In random effects meta-analysis, before the pandemic, the pooled estimate of prevalence of EDS was 17.9% (95% CI 15.2%–20.7%) and during the pandemic 25.1% (95% CI 20.7–29.5%) (Fig. 1) The prevalence of ETFS before the pandemic was also high 15.4% overall (95% CI 12.6%–17.5%), especially in Brazil (25.4%), followed by Norway (21.9%), and Austria (20.4%) that increased greatly during the pandemic in most countries with an overall prevalence of 20.1%. The prevalence of fatigue before the pandemic was similarily high, ranging from 10.1% in the Jilin region in China to 27.6% in Brazil, and 19.4% overall (95% CI 16.8%–22.0%). The prevalence of fatigue also increased to 28.3% (95% CI 24.0%–32.7%) during the pandemic, especially in the UK and Poland being above 40% in these countries. The increase in the EQS was proportionally largest, from pooled estimate of 1.55% (95% CI 1.1–2.0%) before the pandemic to 4.9% (95% CI 3.6%–6.2%) during the pandemic with an increase in every country, particularly in Brazil, the USA, and Canada.

Fig. 1.

Fig. 1

Forest plot for prevalence of A. Excessive daytime sleepiness (EDS). B. Fatigue, C. Excessive quantity of sleep (EQS, ≥9 h sleep per night, associated with EDS or fatigue) and D. Excessive tendency to fall asleep (ETFS) across participating countries before and during the COVID-19 pandemic.

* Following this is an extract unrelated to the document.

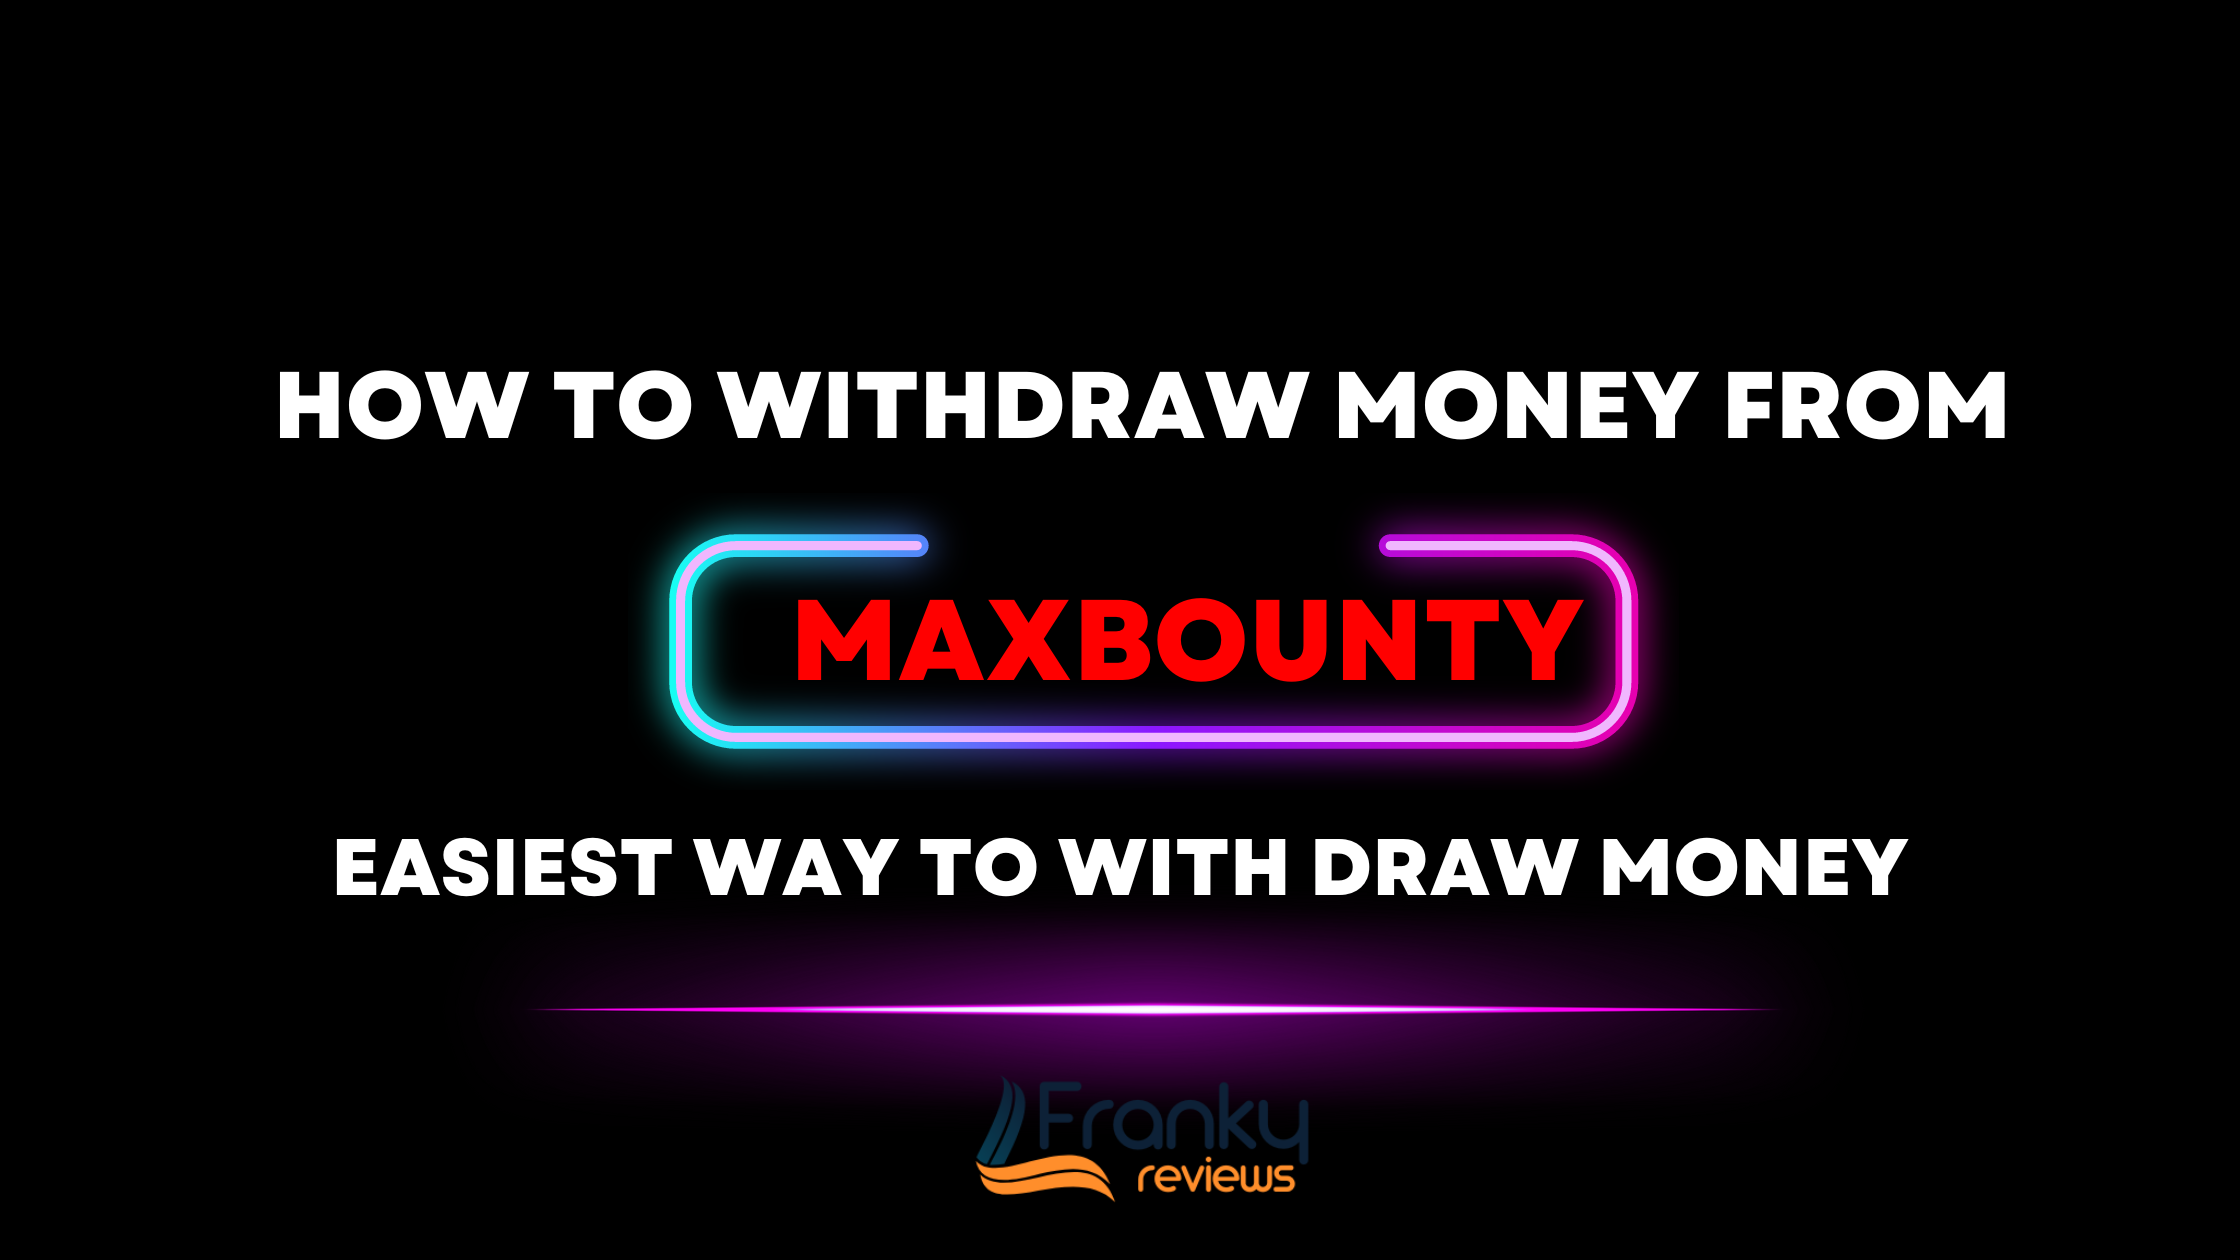 WITHDRAW MONEY FROM MAXBOUNTY
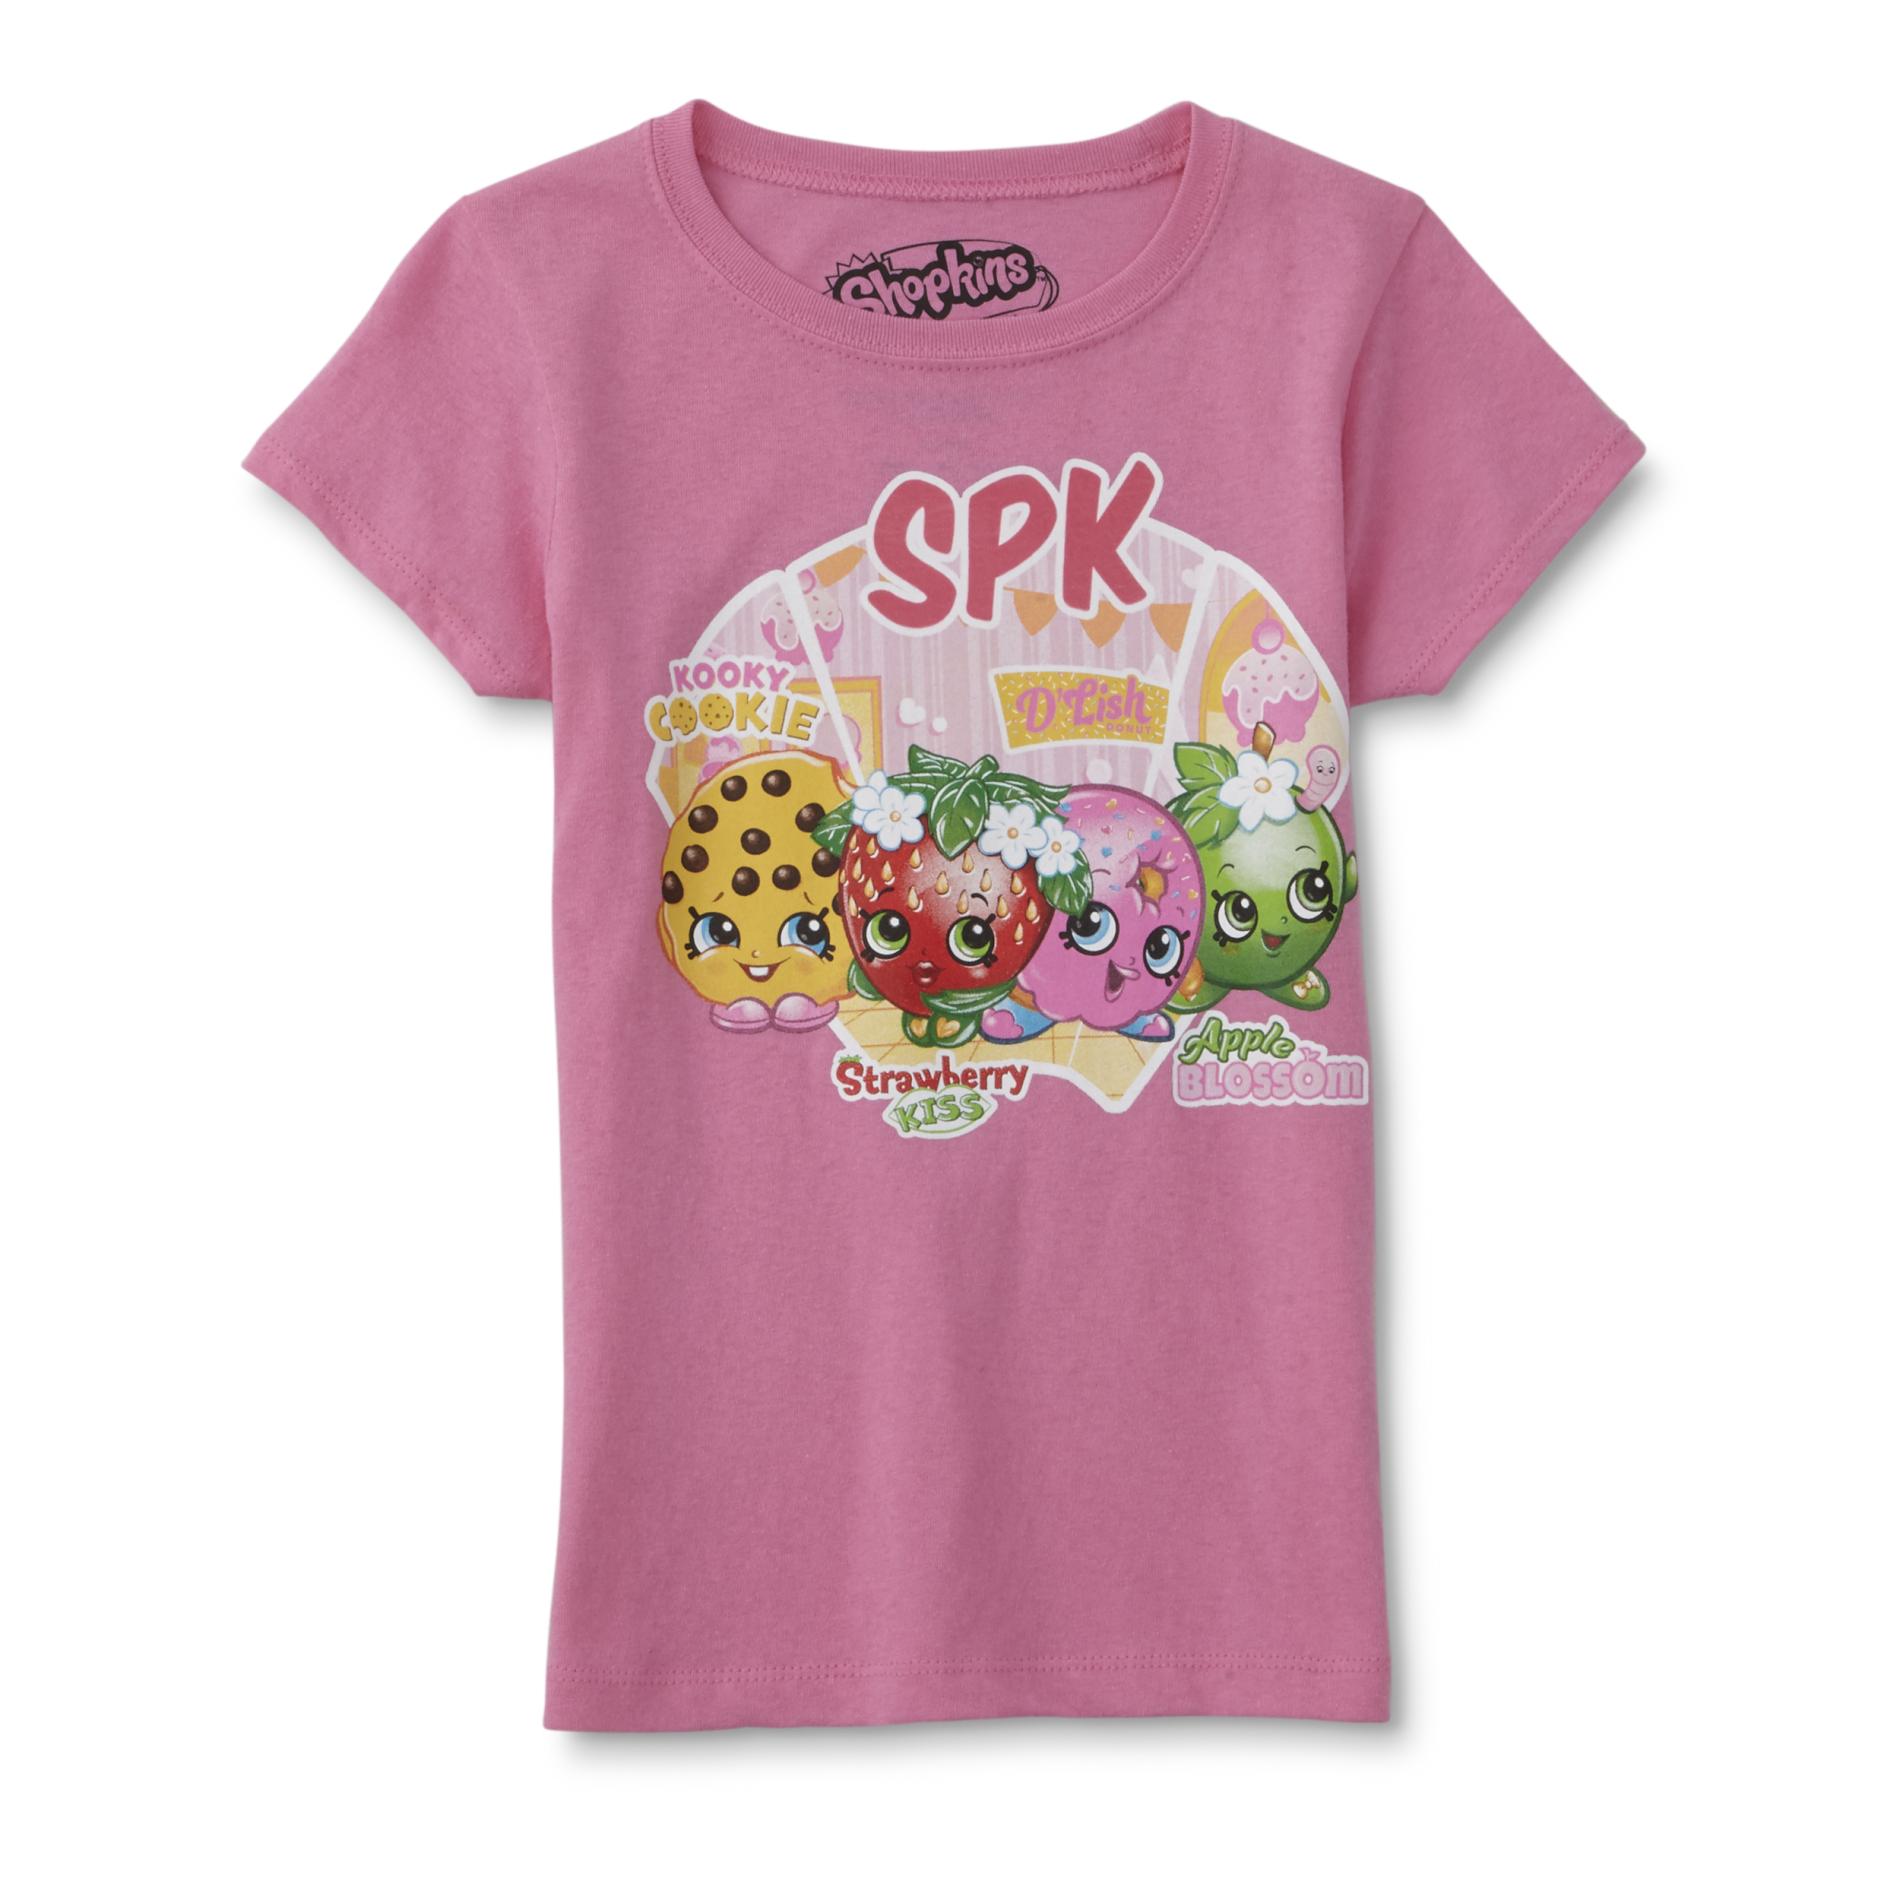 Shopkins Girls' Graphic T-Shirt

The frequency of EDS, ETFS, EQS, and fatigue is higher in participants who had a COVID-19 twice as much, on average, as non-infected participants (Fig. 2). For instance, EDS increased in 22.6% of subjects with COVID-19 compared to 10.6% in those without (p < .001). The differences in increase in EDS, ETFS, EQS, and fatigue between subjects with and without COVID-19 were 12.0%, 16.9%, 7.3%, and 16.4%, respectively (p < .001). Decreases in any of the four symptoms were rare, and did not differ by the presence or absence of COVID-19 infection.

At the baseline, before the pandemic, we found moderate association between EDS and fatigue (τb = 0.520, p < .001), and with EDS and ETFS (τb = 0.393, p < .001). Fatigue had moderate association with ETFS (τb = 0.342, p < .001). EQS had only a weak association with EDS (τb = 0.158), fatigue (τb = 0.163), and ETFS (τb = 0.086, p < .001 in all comparisons). We found a strong association between change in EDS and fatigue during the pandemic (τb = 0.501), and a moderate association between change in EDS and ETFS (τb = 0.375), and a moderate association between change in ETFS and fatigue (τb = 0.346, p < .001 in all comparisons). Change in EQS had weak correlation with EDS (τb = 0.178), fatigue (τb = 0.173), and ETFS (τb = 0.0.914, p < .001 in all comparisons).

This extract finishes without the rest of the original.